We actually issued a press release statement thinking, if they’re going to think that, we might as well say what the song is really about. We’re also trying to be very careful not to sensationalize or trivialize it, because it’s something that’s frustrating to talk about without doing one of those two things. I suppose that’s always a reason why you write, because of your inability to express it.

“There’s a radio show in London which is purely a news and chat show, and one morning they were dealing with the subject of incest. Something to do with a book someone had released and this one thing almost made me cry: there was a woman that rang up who was about 48, and she said this was the first time she had been able to get this weight off her chest about what happened to her when she was nine years old. That really brought it home, because it’s certainly not a conversation piece, and really, the culprit’s armor is this sense of guilt, sense of shame that it’s the victim’s fault, and the power they can rear over an innocent because that person is trusting. And of course the Candy Man is a lure, not just presents or candy.”

ANTI-DRUG SONGS

“I would never do an anti-drug song, because in that situation there’s a certain amount of choice whether you do or you don’t. And part of the allure of it is people saying, ‘Don’t, it’s bad.’

“We did an anti-heroin concert. A lot of bands had shied away from it, maybe they were scared that they’d lose some sparkle. We found that out when we’d been approached, that, plus it was going to be held in St. James’s Church in Piccadilly. To play in front of that stained glass window...but again, a big reason we did it was how it was perceived by the media. Maybe they don’t want us to be healthy and sensible. You know what I mean, they think they’ll lost some interest.”

92°

“There’s a book by Ray Bradbury called October Country, and there’s one story about these two old men who are traveling somewhere and they’re trying to spread this message of the danger of 92° because they’d been witnesses to an event that happened in some other town where there’d been so many murders and madness and mayhem at this magical figure. Meanwhile, it was coming close and people were losing their tempers—‘don’t tell me about 92°.’ It was a great story and almost the sort of thing that to me is believable because it’s so far-fetched.

TURN TO PAGE 56

CONTINUED FROM PAGE 41

“I was telling Stephen about it and he said that he’d seen this great 1950s film called It Came From Outer Space and the part that’s used in the song from the film is where the sheriff is saying ‘at 93 it’s too hot to move, at 91 it’s cool enough to control yourself, but at 92 degrees people get irritable.’ A couple of months ago they reissued It Came From Outer Space on TV, so I looked at the footnotes and noticed that Ray Bradbury had written the screenplay for it.”

CITIES IN DUST

“That was really inspired by a visit to Pompeii. There’s quite a lot of tourism there, but the place itself transcends all that. You can think you’re the only person there. It’s quite immense, and at the end of the day, seeing the petrified bodies, it had a strong effect on me. The song was written, the music was written, when we got back from Italy, I wrote the lyrics. It was dedicated to one of the petrified bodies. It almost looked as if there was someone underneath this kind of plaster cover. I almost expected it to get up and move.”

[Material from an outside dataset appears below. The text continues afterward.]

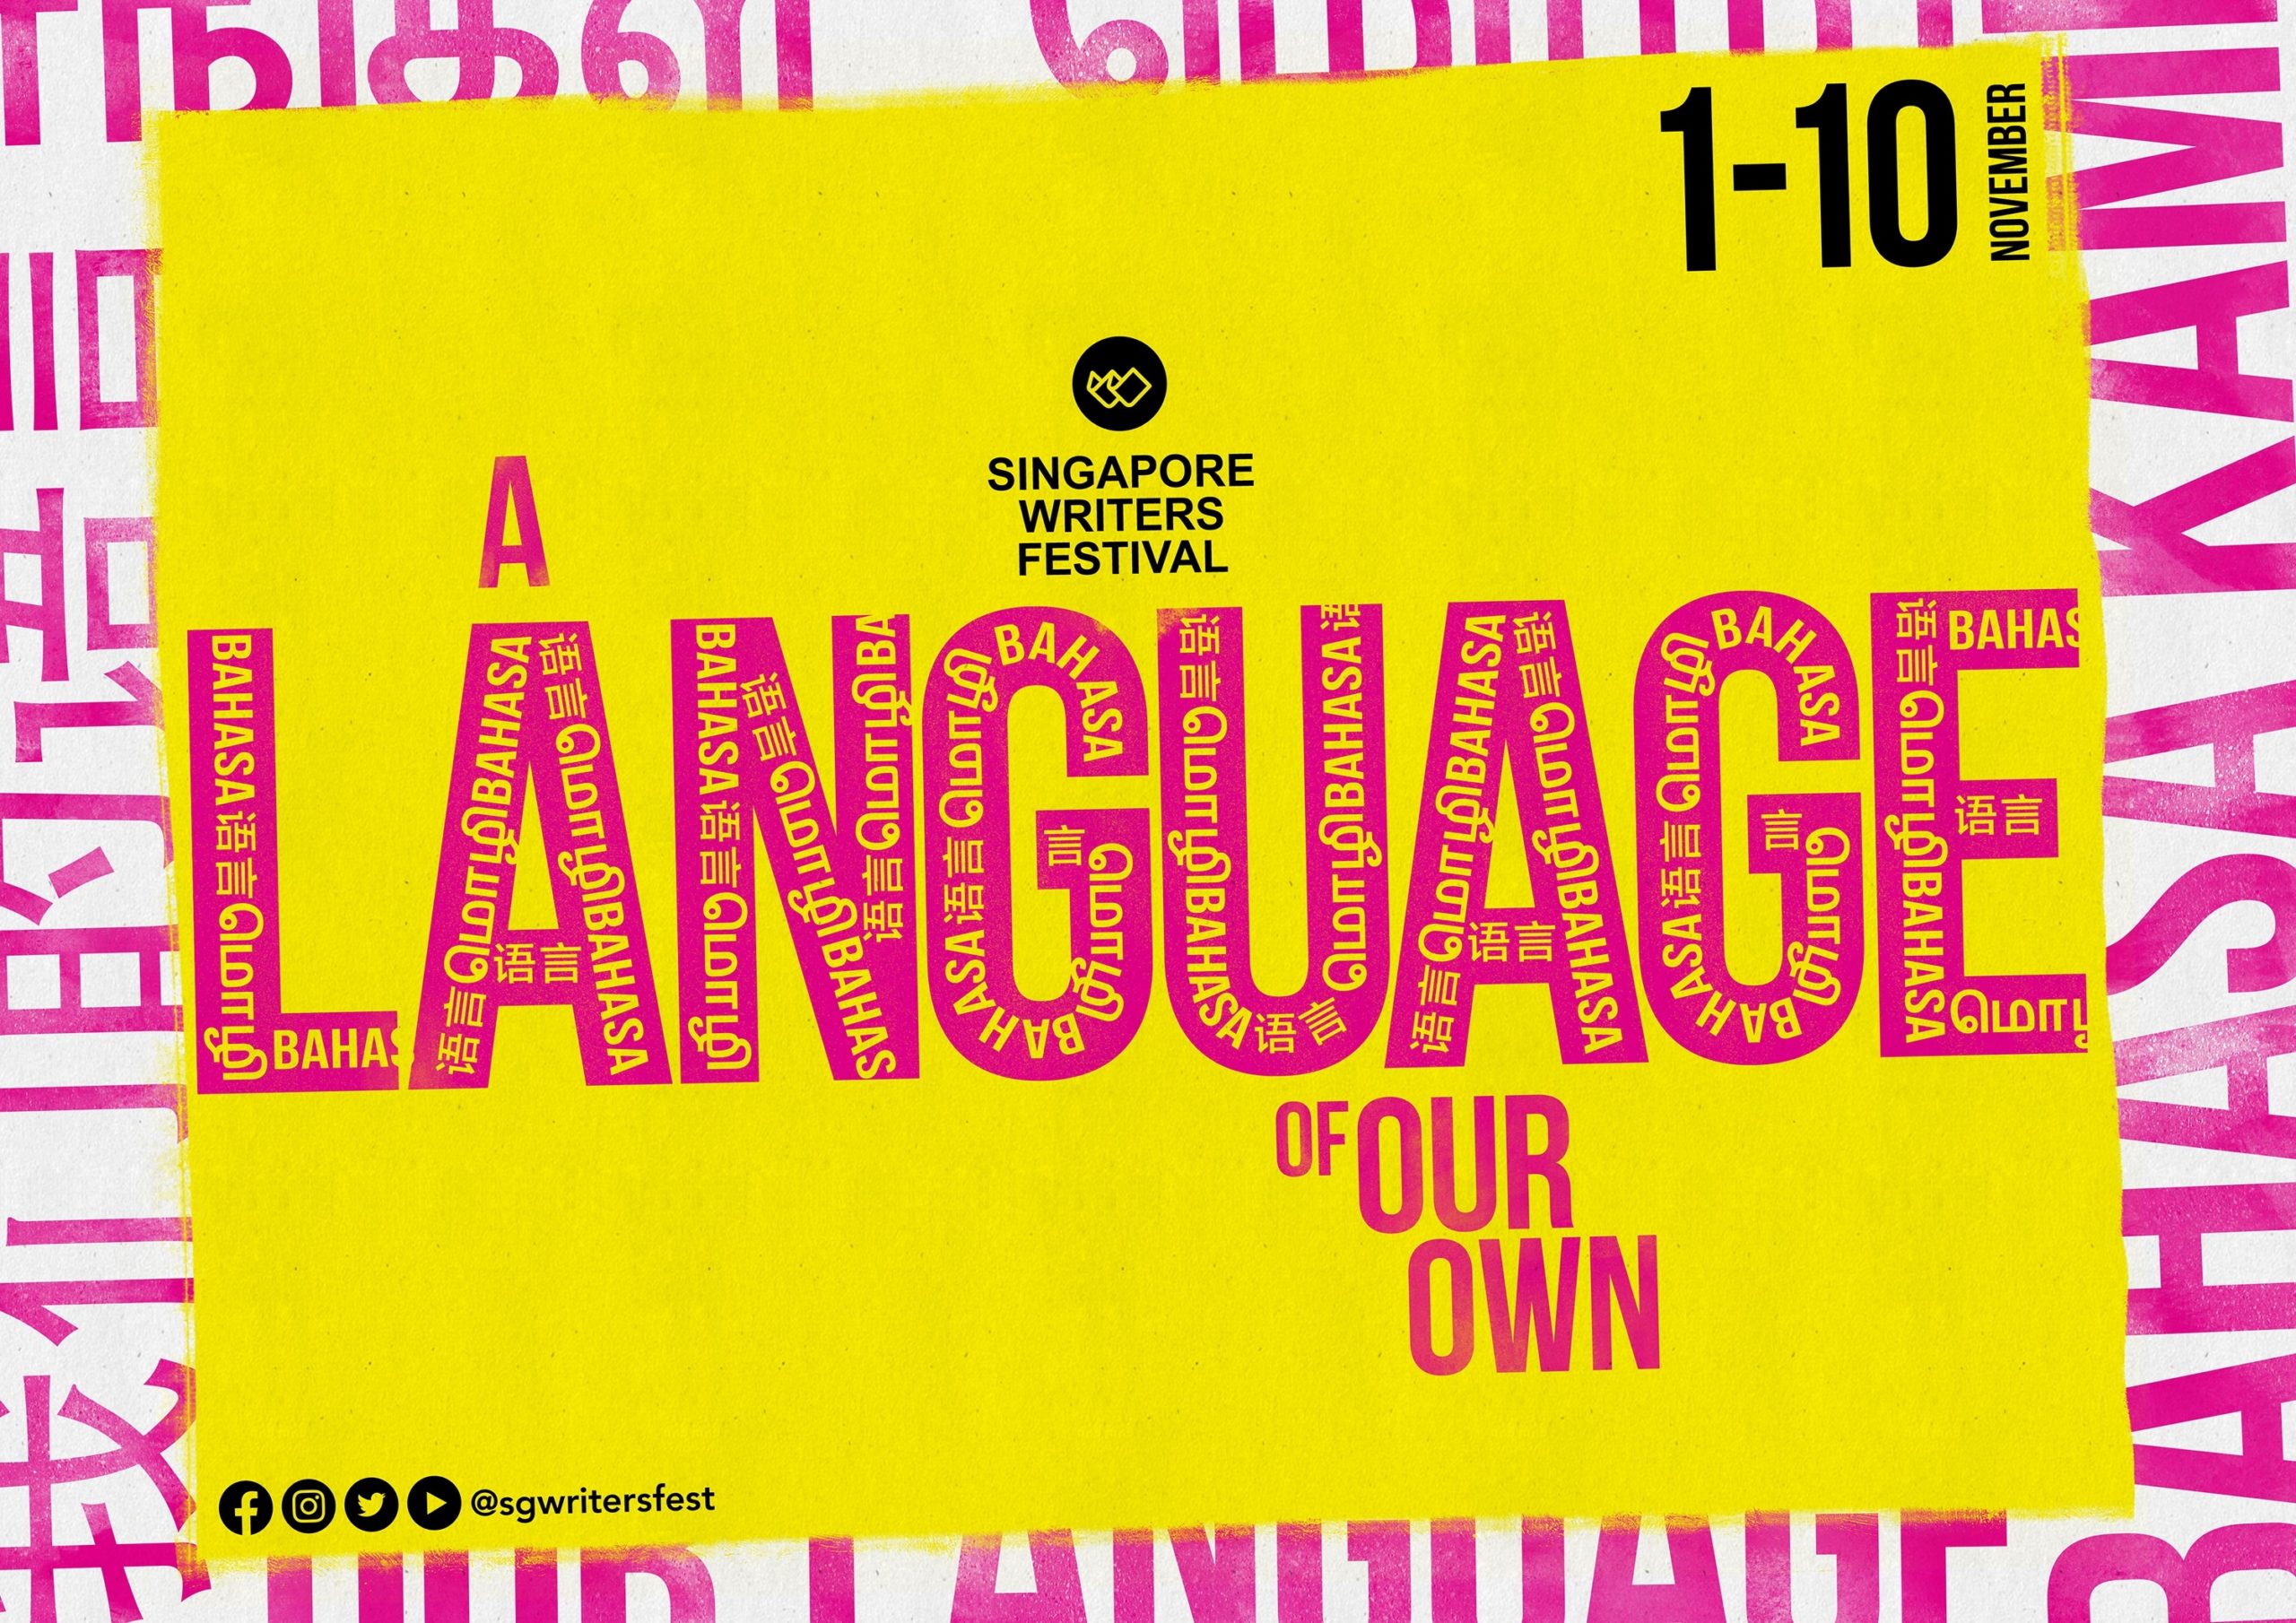  Singapore Writers Festival 2019 To Explore Language In A ‘Fractured’ World
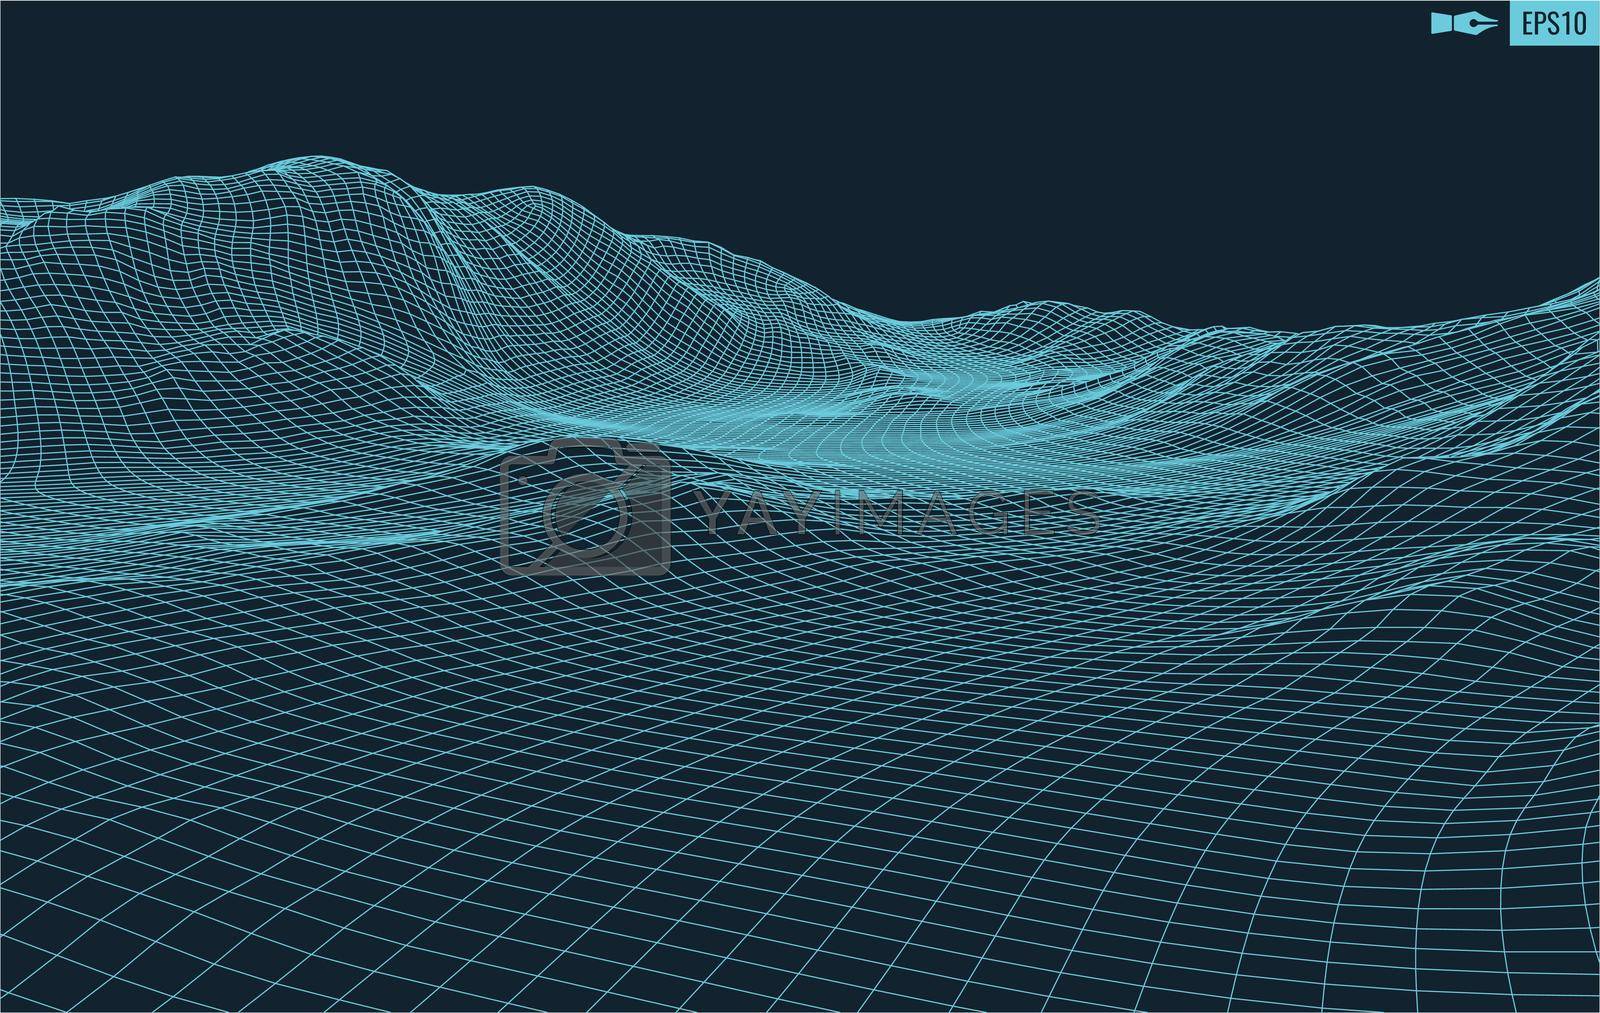 Royalty free image of Abstract vector landscape background. Cyberspace grid. 3d technology illustration. by DmytroRazinkov

BANSHEES PAST, PRESENT AND FUTURE

‘‘We’re basically the same. I think that stems a lot from never wanting to pigeonhole ourselves in ‘punk music,’ ‘rock music,’ jazz or funk or psychobilly or psychedelia because it was our own anyway. It was certainly not within those confines. I think the people who did go along with all the media labelling have lost it. They limited themselves to being too specific and too, I suppose, desperate to be famous in their first five minutes.